**TASK TO COMPLETE:** In the data below, reproduce everything exactly except the images.

**DATASET EXCERPT:**
+---+

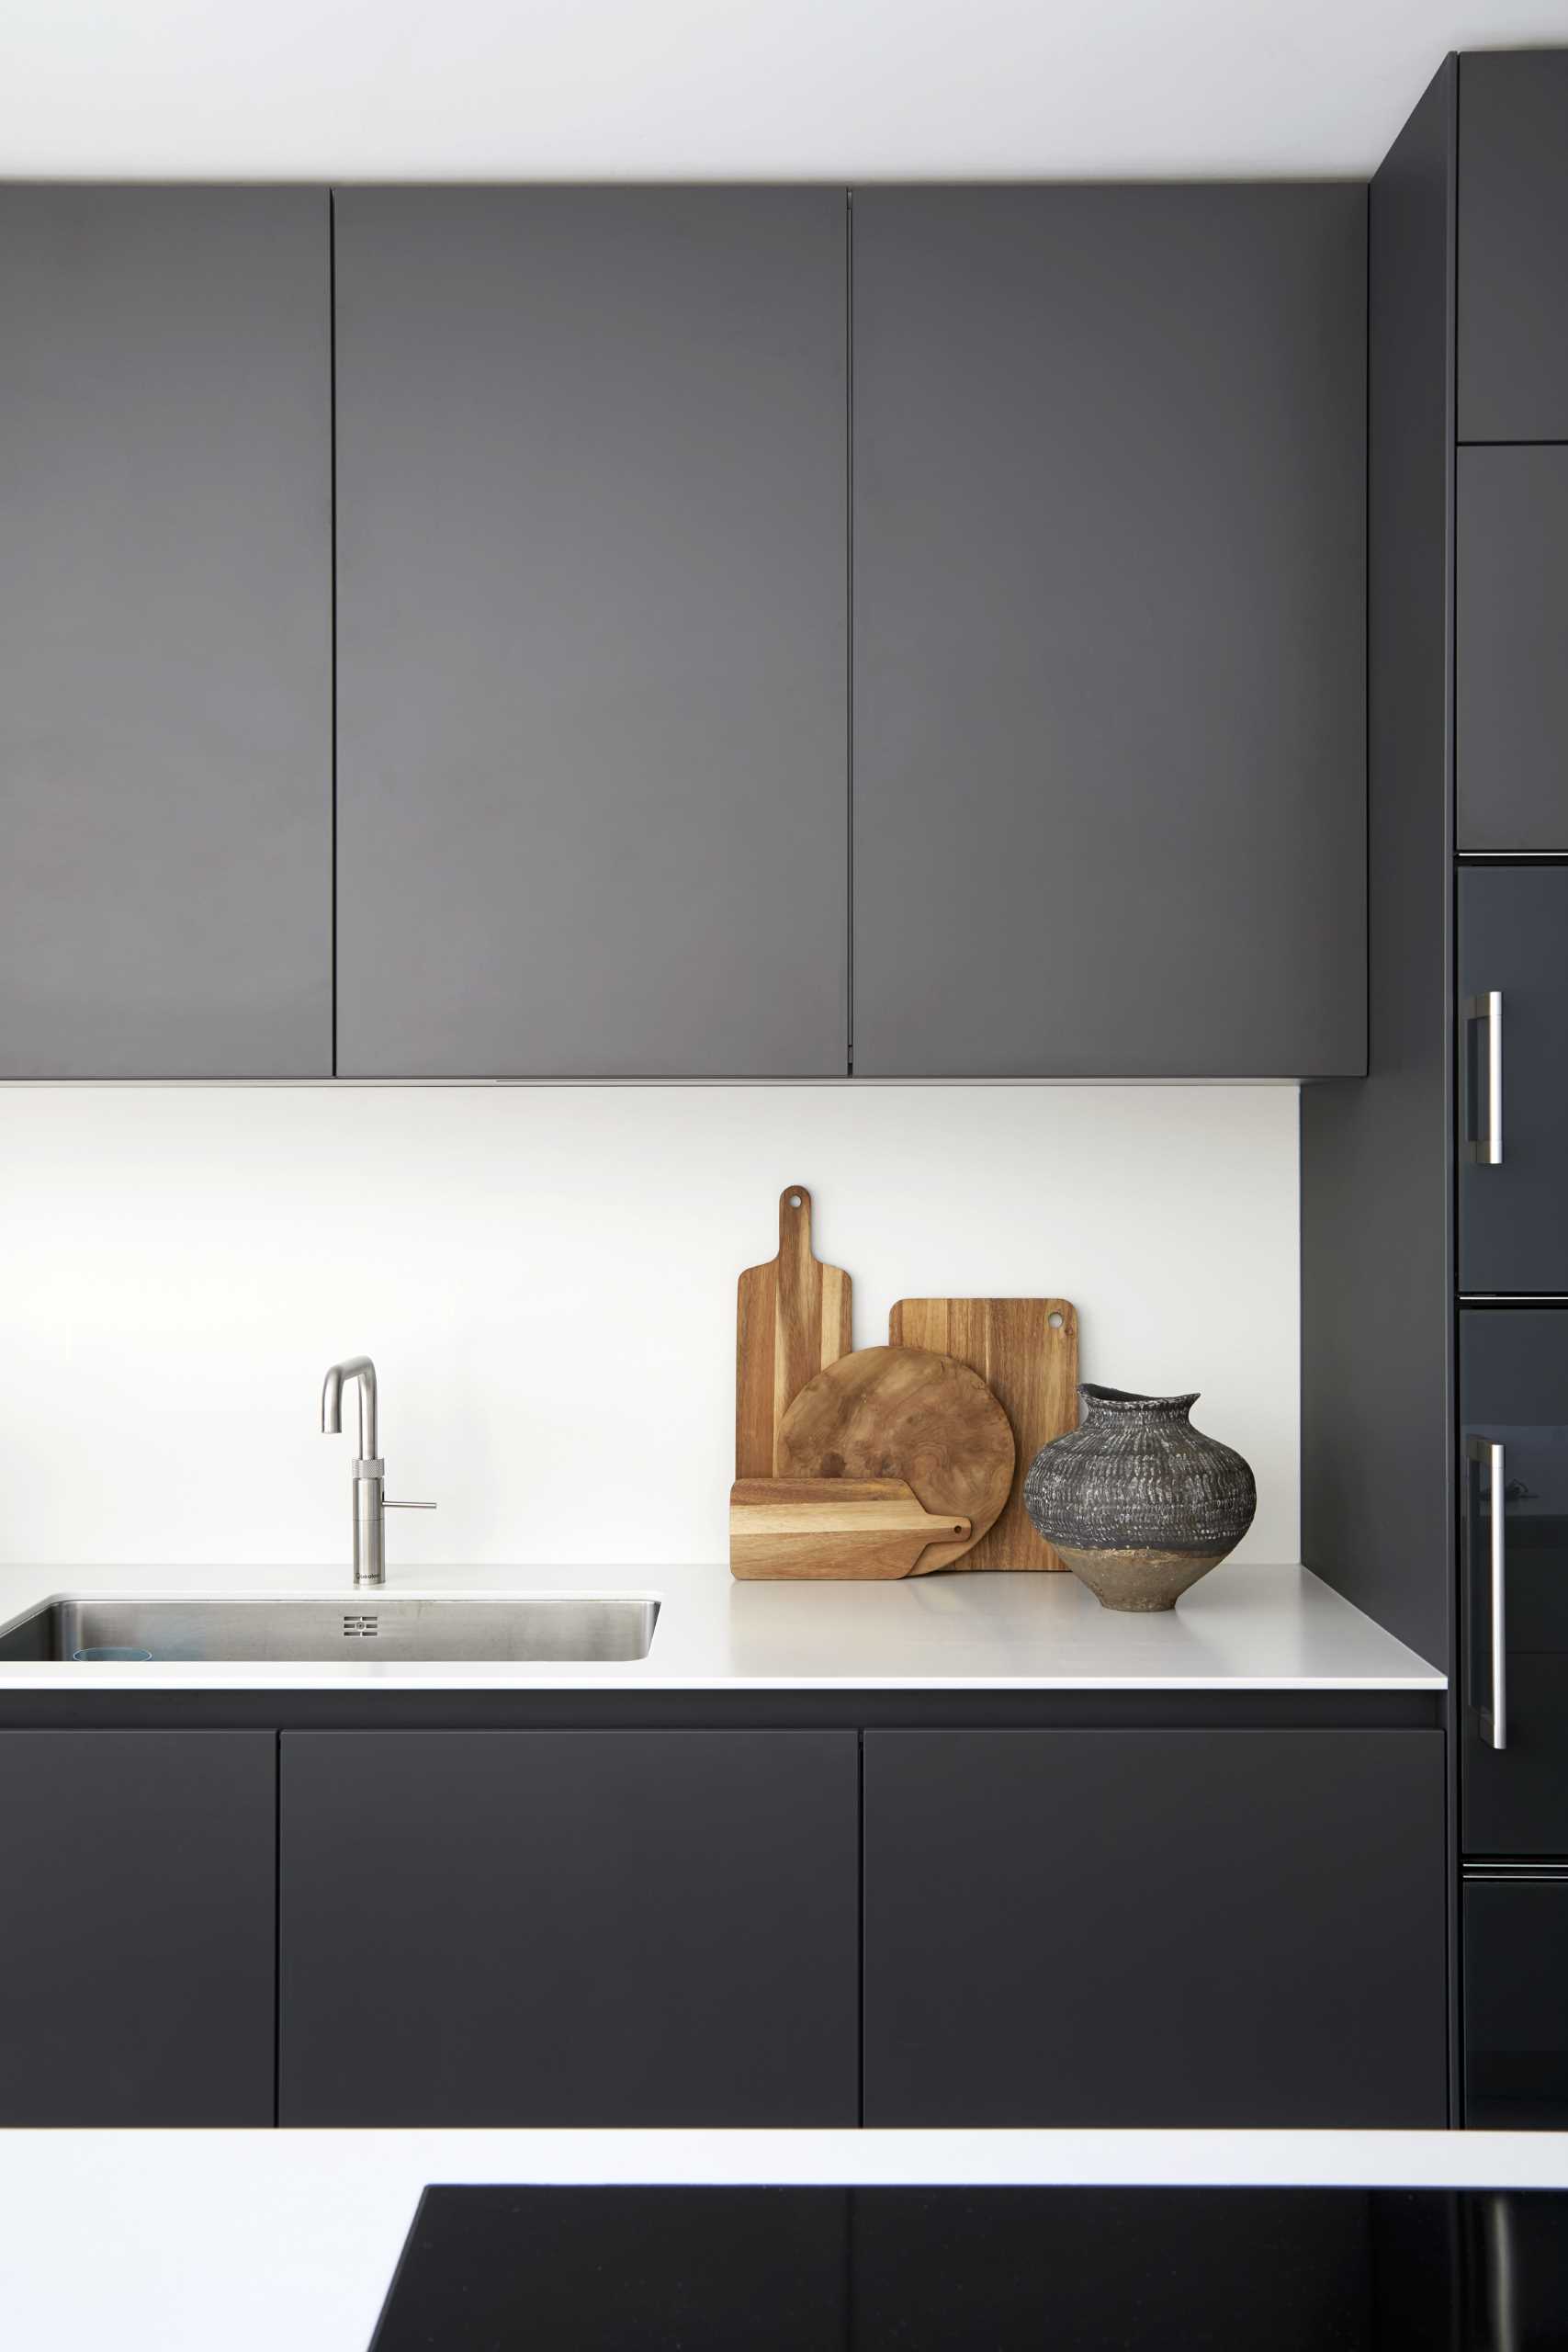 A modern kitchen with matte black cabinets and white backsplash.
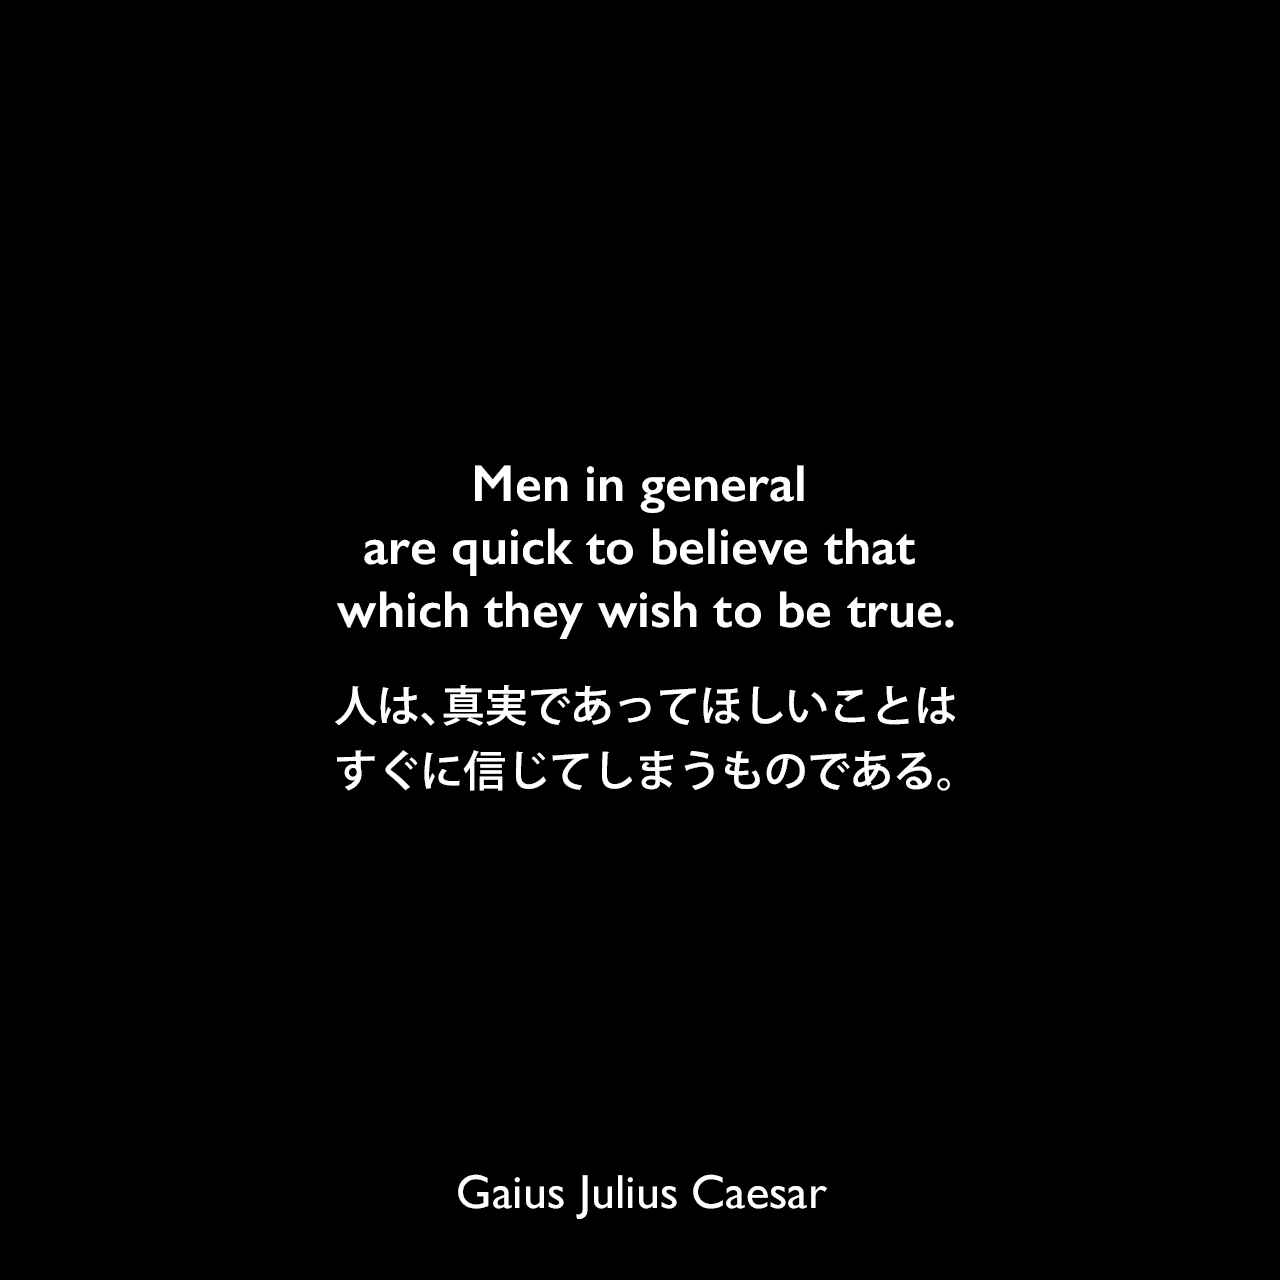 Men in general are quick to believe that which they wish to be true.人は、真実であってほしいことはすぐに信じてしまうものである。Gaius Julius Caesar
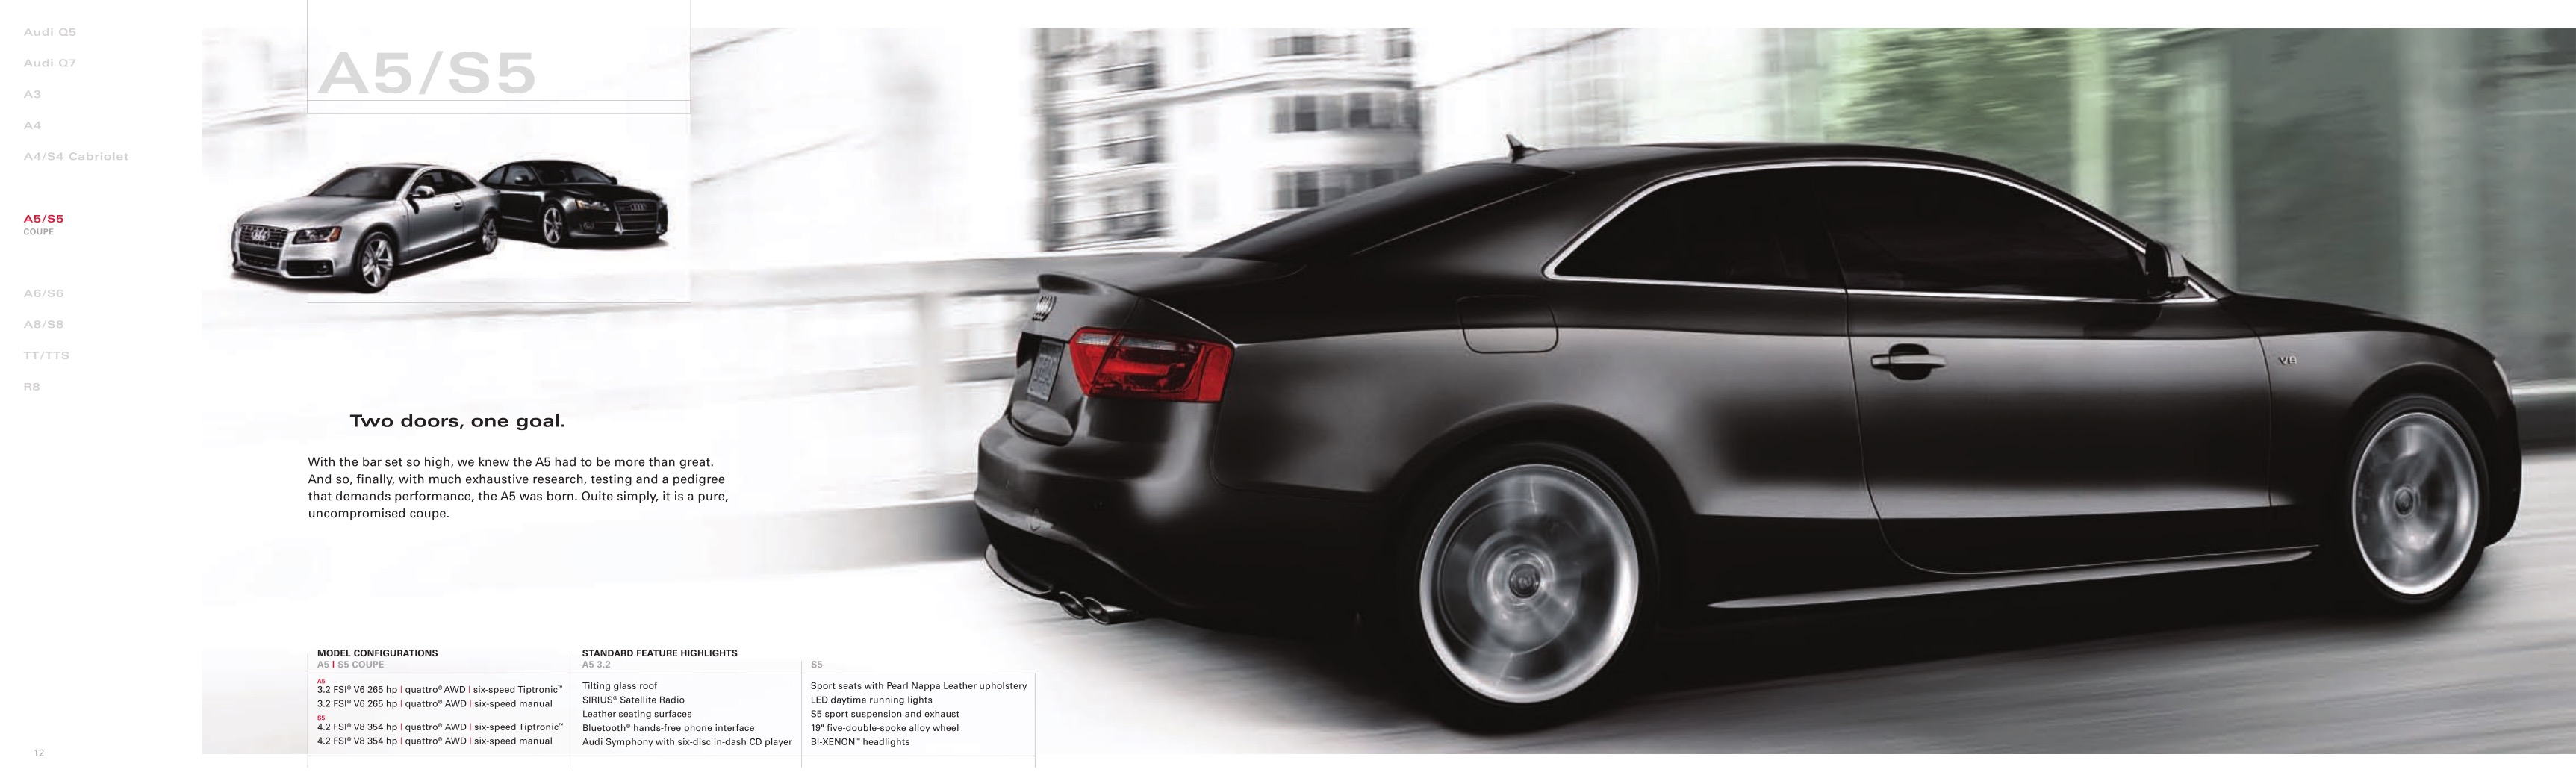 2009 Audi Brochure Page 11

+---+

**EXPECTED ANSWER:**
 A modern kitchen with matte black cabinets and white backsplash.
 Men in general are quick to believe that which they wish to be true.人は、真実であってほしいことはすぐに信じてしまうものである。Gaius Julius Caesar
 2009 Audi Brochure Page 11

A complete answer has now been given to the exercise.